DI Ryan Steel and DS Sophie Willis are charged with leading the investigation, but when ex-DI Naomi Blake’s business card is found in the back of the dead couple’s address book the detectives must reframe their initial theories about probable suspects. Naomi and her husband, Alec Friedman, as serving officers, both had dealings with Lisanne and her first husband, Terry Baldwin. The retired detectives agree to travel to Ferrymouth, where the dead couple had lived with their young family, to assist Steel and Willis with historical aspects of the increasingly complex inquiry.
The Friedmans are soon joined by an old friend, a mysterious character known as Gregory, whose background in the military and intelligence services is never fully defined. Gregory now works alongside another friend, Nathan Crow. Naomi feels uneasy with Gregory’s involvement; he and Nathan inhabit a world where distinctions between right and wrong are constantly blurred, and this challenges Naomi’s firm belief in the sanctity of the law. However, the support given by Gregory and Nathan proves invaluable as the investigation penetrates the dangerous and murky underworld of organised crime where players have no regard for the mores that guide conventional society.

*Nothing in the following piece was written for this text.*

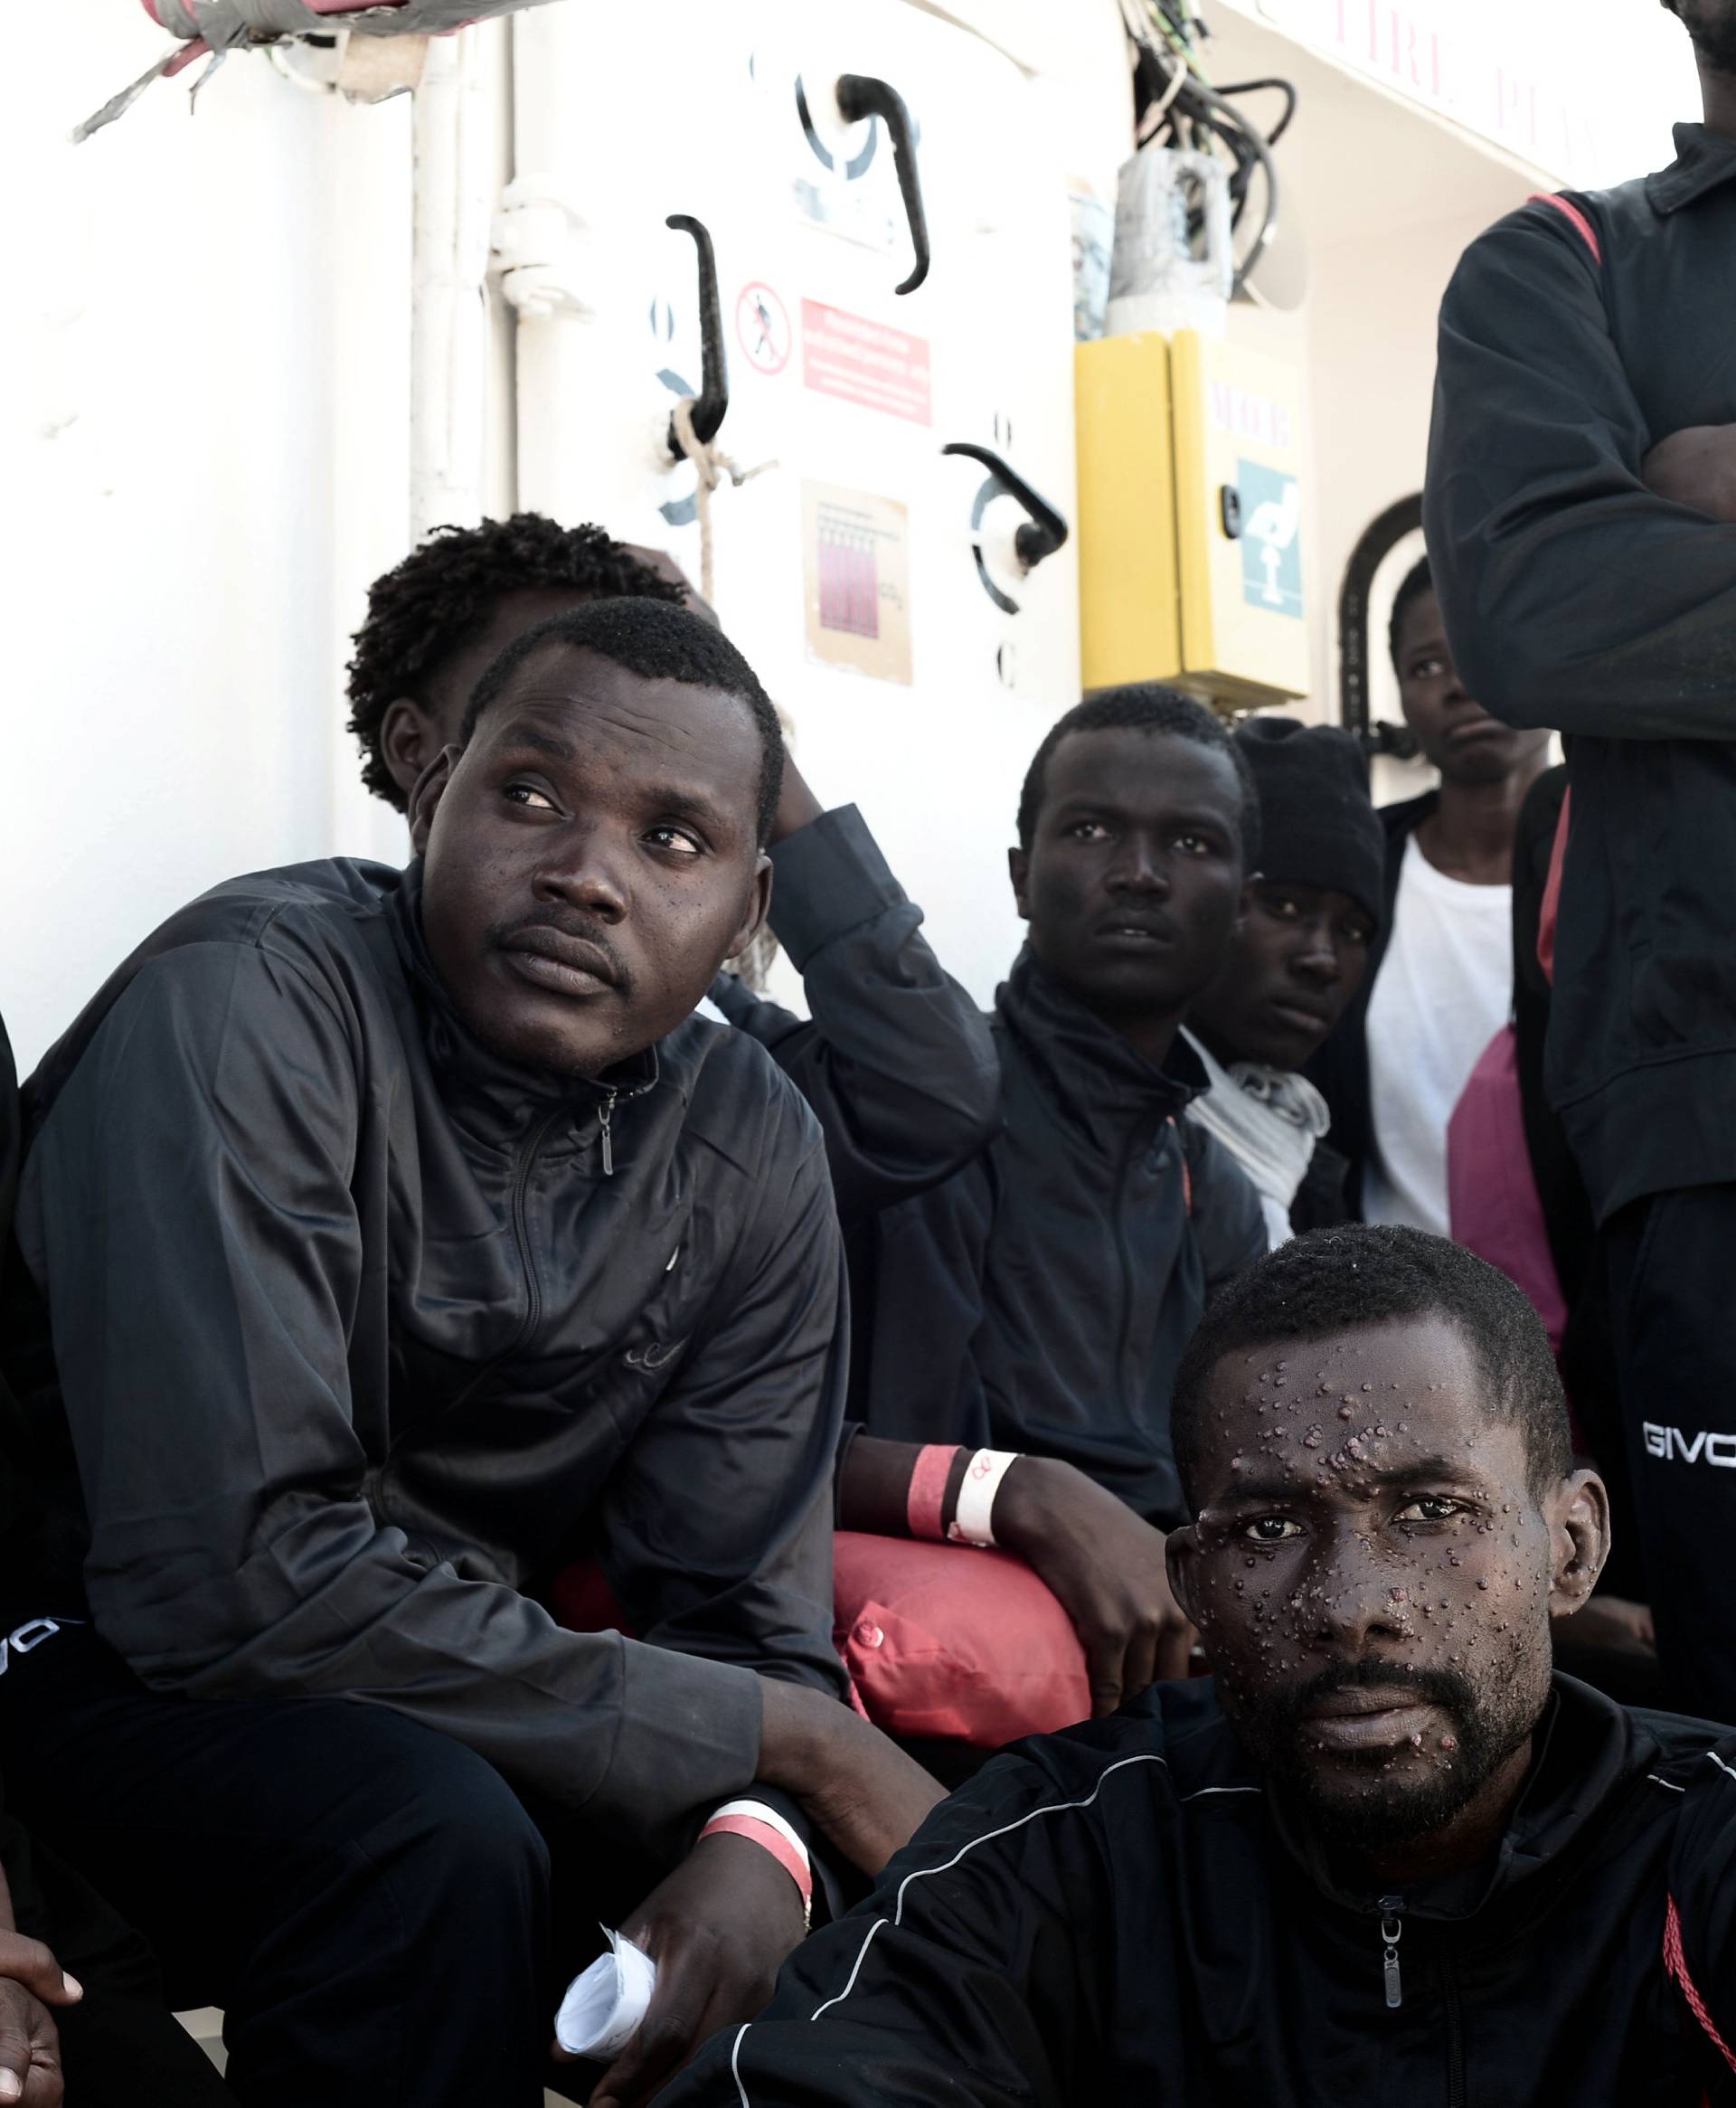 Migrants wait to disembark from the Aquarius rescue ship after arriving to port in Valencia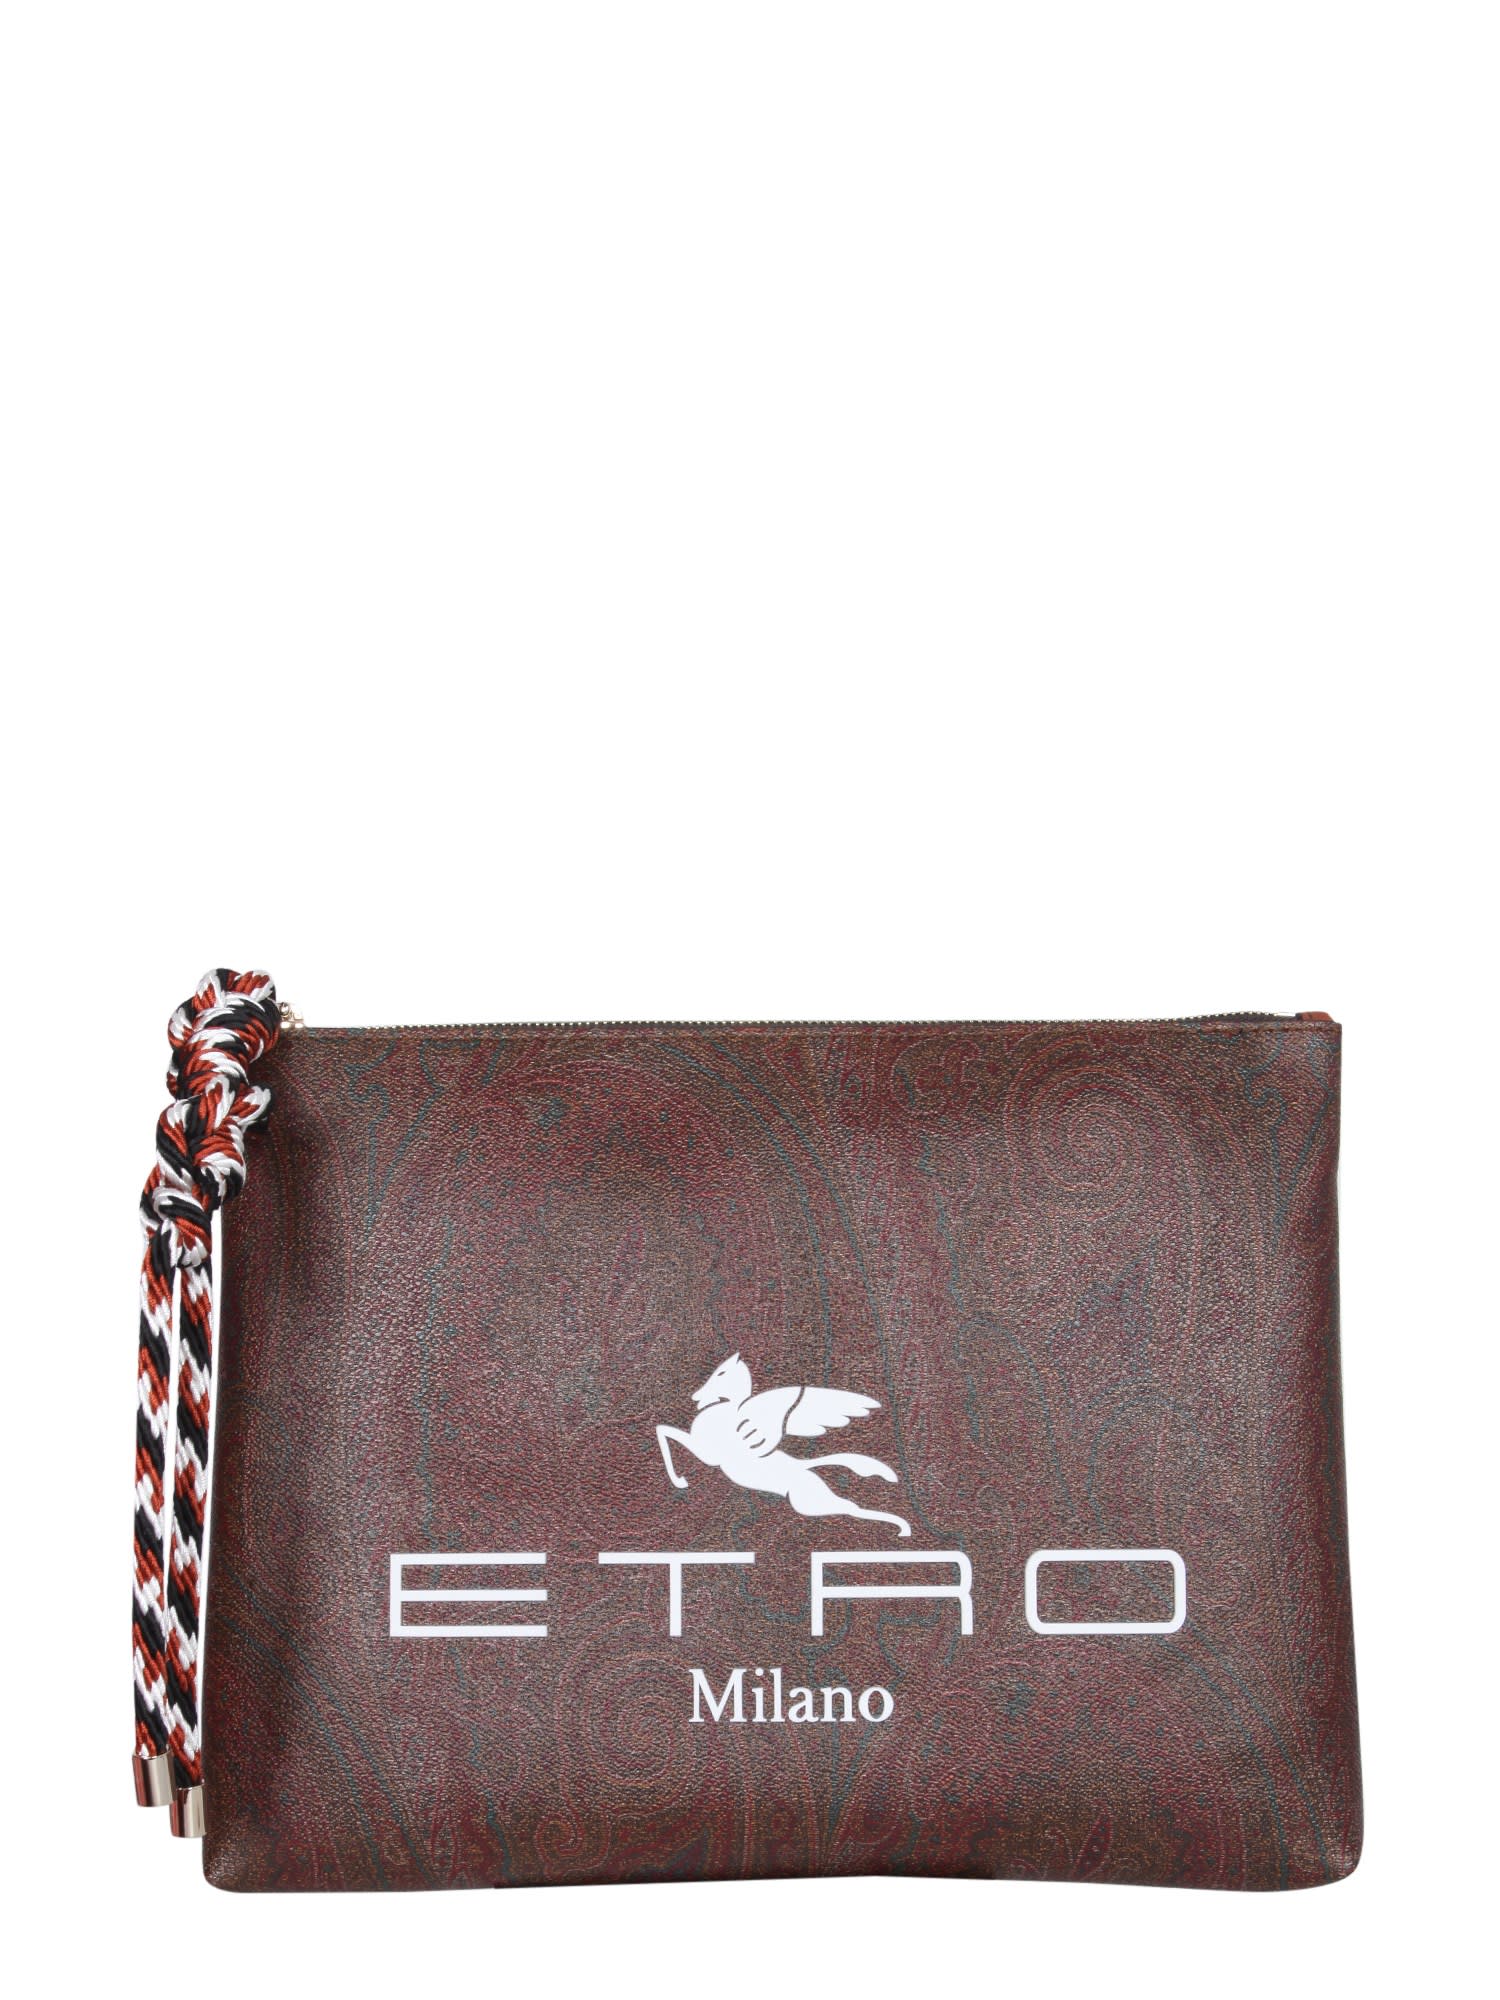 Etro Coated Canvas Clutch

Paying the Ferryman’s pacy opening immediately engages the
reader, and the unfolding police procedural, continually driven by new
evidence, thrusts the fast-moving investigation in unexpected directions. The theme of domestic violence runs
throughout the story and, whilst the author describes these episodes with
empathy, its tragic consequences are portrayed graphically and with honesty. This is the tenth book in the Naomi Blake
series and another highly enjoyable read.
Reviewer: Dorothy Marshall-Gent
Dorothy Marshall-Gent worked in the emergency services for twenty years first as a police officer, then as a paramedic and finally as a fire control officer before graduating from King’s College, London as a teacher of English in her mid-forties. She completed a M.A. in Special and Inclusive Education at the Institute of Education, London and now teaches part-time and writes mainly about educational issues. Dot sings jazz and country music and plays guitar, banjo and piano as well as being addicted to reading mystery and crime fiction.